Examples 7 and 12 had the best secondary adhesion suppressing effect, with a secondary adhesion rate of less than 6% at a drying time of 1 minute and a secondary adhesion rate of less than 1% at a drying time of 15 minutes. . This result showed that the Pickering emulsion of the present invention can form a cosmetic film having an excellent secondary adhesion suppressing effect even when the type of volatile oil is different.

In addition, in Examples 10 and 11, the secondary adhesion suppressing effect when the drying time is 15 minutes is inferior to that of Comparative Example 5, but when the drying time is 1 minute, the secondary adhesion suppressing effect is lower than that of the comparative example. Better than 5. From this result, Examples 10 and 11 have a superior secondary adhesion suppressing effect compared to the comparative example in the non-dry state after application, where secondary adhesion is most likely to occur. It can be said.

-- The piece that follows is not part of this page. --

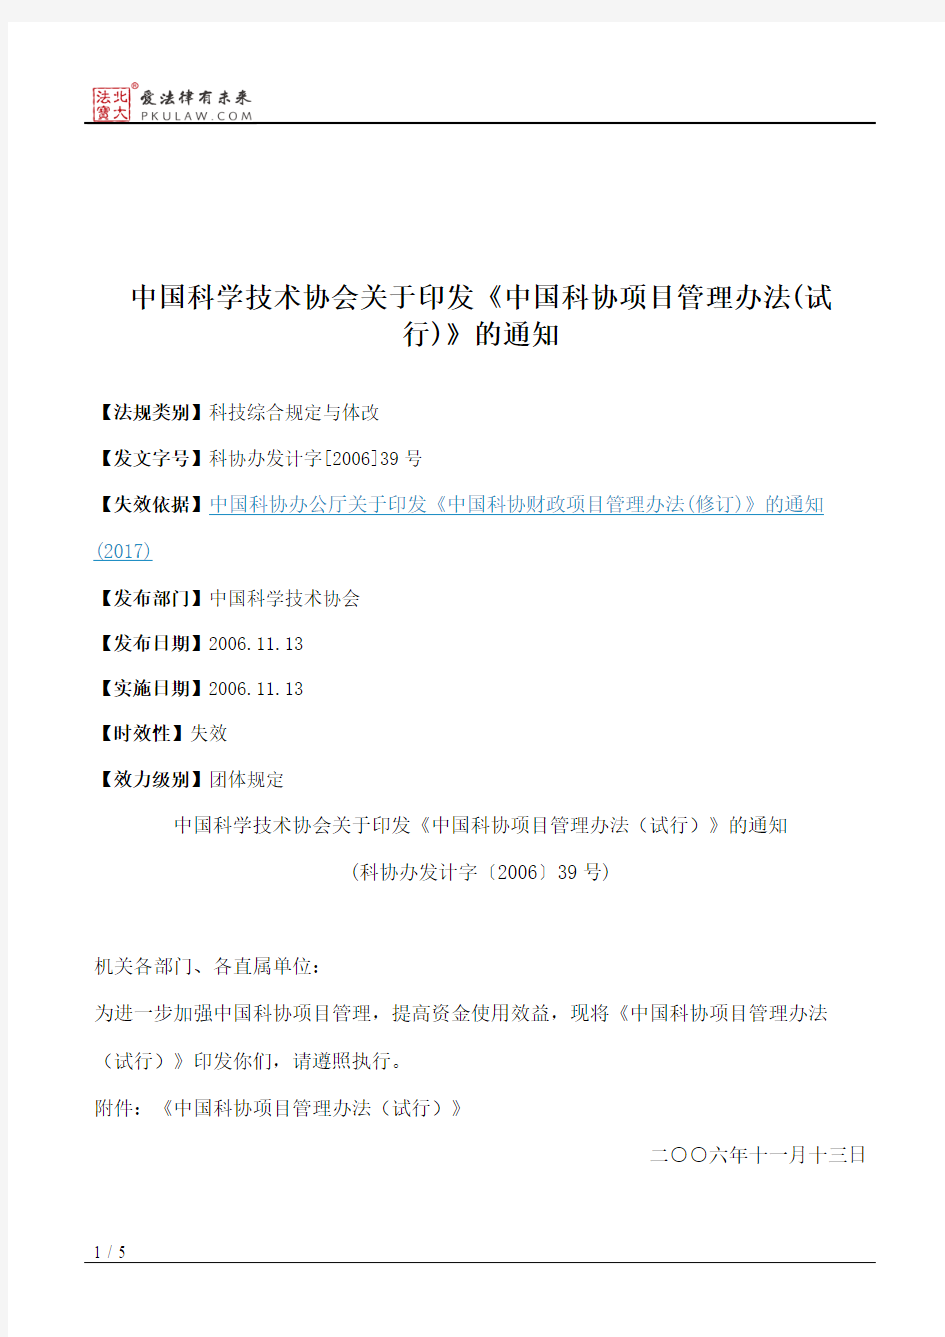 中国科学技术协会关于印发《中国科协项目管理办法(试行)》的通知

The present invention can be applied to the design of a membrane structure that has excellent adhesion and low secondary adhesion.

Claims (12)

Contains an aqueous phase, an oil phase, and a hydrophobized powder having a primary particle size of 200 nm or less and an M value of 10 or more, and contains 40% by mass of a volatile oil agent based on the total amount of oil agent contained in the oil phase. Contains not more than 80% by mass ,
A W/O Pickering emulsion, characterized in that the hydrophobized powder is a powder coated with an acrylic resin and/or an organosilicon compound. The W/O Pickering emulsion according to claim 1, wherein the content of the oil agent is 20 to 70% by mass based on the total amount of the W/O Pickering emulsion. The W/O Pickering emulsion according to claim 2 , wherein the W/O Pickering emulsion contains 40% by mass or more and 65% by mass or less of a volatile oil based on the total amount of the oil contained in the oil phase . Contains 40% by mass or more and 55% by mass or less of a volatile oil based on the total amount of oil contained in the entire oil phase, and the content of the oil is 20 to 50% by mass based on the total amount of the W/O Pickering emulsion. , W/O type Pickering emulsion according to any one of claims 1 to 3. The W/O Pickering emulsion according to any one of claims 1 to 4 , wherein the hydrophobized powder exists at the interface between the water phase and the oil phase and maintains an emulsified state. The W/O type Pickering emulsion according to any one of claims 1 to 5 , wherein the content of the total amount of the aqueous phase is 5% by mass or more with respect to the total amount of the W/O type Pickering emulsion. . The W/O Pickering emulsion according to any one of claims 1 to 6 , wherein the volatile oil agent is a hydrocarbon oil and/or a volatile silicone oil. A cosmetic comprising the W/O Pickering emulsion according to any one of claims 1 to 7 . The cosmetic according to claim 8 , which is a foundation or a sunscreen. The W/O type picker according to any one of claims 1 to 9, characterized in that after the internal emulsified droplets volatilize, a hollow space surrounded by fine particles remains intact, forming a porous structure. ring emulsion. preparing an aqueous phase;
comprising a step of preparing an oil phase;
The oil phase contains an oil agent and a hydrophobized powder having a primary particle size of 200 nm or less and an M value of 10 or more, and the oil phase contains 40% by mass or more and 80% by mass or less of the total amount of the oil agent. The hydrophobized powder is a powder coated with an acrylic resin and/or an organosilicon compound, and contains a volatile oil agent;
A method for producing a W/O Pickering emulsion, comprising a step of mixing the aqueous phase and the oil phase to prepare an emulsion. A method for evaluating a cosmetic film, the method comprising:
The process of observing the surface or cross section of a cosmetic film obtained by applying a cosmetic containing a W/O Pickering emulsion and the process of observing the secondary adhesion suppressing effect when a porous structure is observed in the cosmetic film. A method for evaluating a cosmetic film, comprising the step of evaluating the cosmetic film to be a cosmetic film.